ADR-0006: Semantic Response Cache
Status
AcceptedContext
GoModel already has an exact-match response cache (simpleCacheMiddleware) that hashes the full request body and returns a stored response on byte-identical requests. This covers trivial cases but misses semantically equivalent requests with different phrasing:
- “What’s the capital of France?” vs. “Which city is France’s capital?”
- “Explain quantum entanglement simply” vs. “ELI5 quantum entanglement”
Decision
Layer Position & Ordering
Semantic caching runs as a second layer behind exact-match caching. Exact-match (sub-ms) always runs first; semantic (~50–100 ms including embedding) only on miss. Important: both cache layers must execute after guardrail/Workflow patching, so they see the final prompt sent to the LLM. Current global middleware placement runs too early and can bypass guardrails - this is fixed by moving cache checks into the translated inference handlers (post-PatchChatRequest).
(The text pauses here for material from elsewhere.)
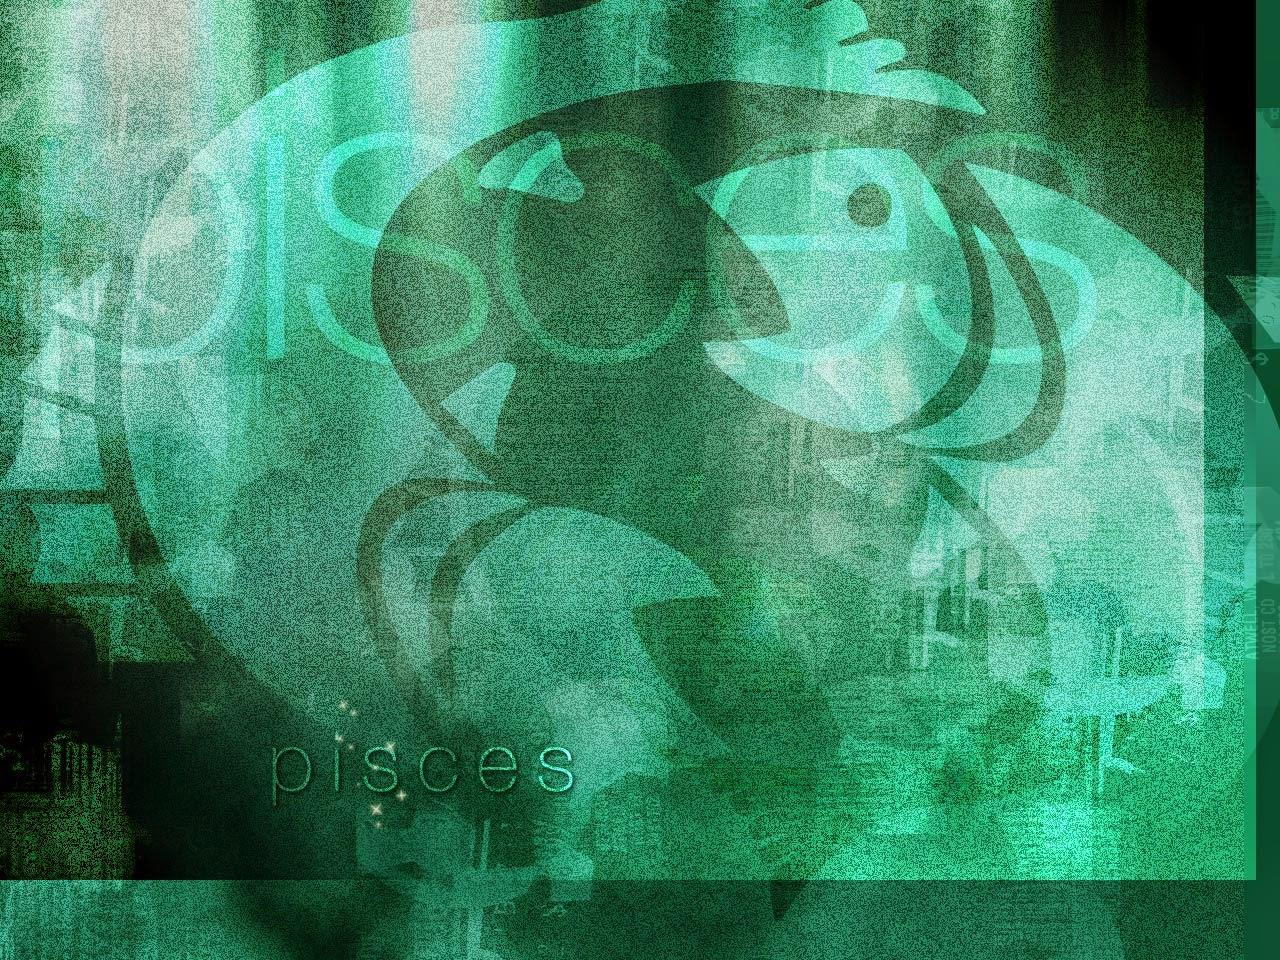 Wallpaper Gratis signo Piscis 06

Exact layer: simpleCacheMiddleware (byte-identical body, SHA-256). Semantic layer: semanticCacheMiddleware (vector KNN). On exact HIT, respond with X-Cache: HIT (exact); on semantic HIT, X-Cache: HIT (semantic). On full miss, the handler forwards to the LLM, stores exact + semantic entries, then returns.
Embedding
UnifiedEmbedder interface with a single implementation: an HTTP client calls the OpenAI-compatible …/v1/embeddings endpoint derived from the selected provider entry’s resolved base_url (same join rule as llmclient: base URL plus /embeddings when the base already ends with /v1, otherwise /v1/embeddings).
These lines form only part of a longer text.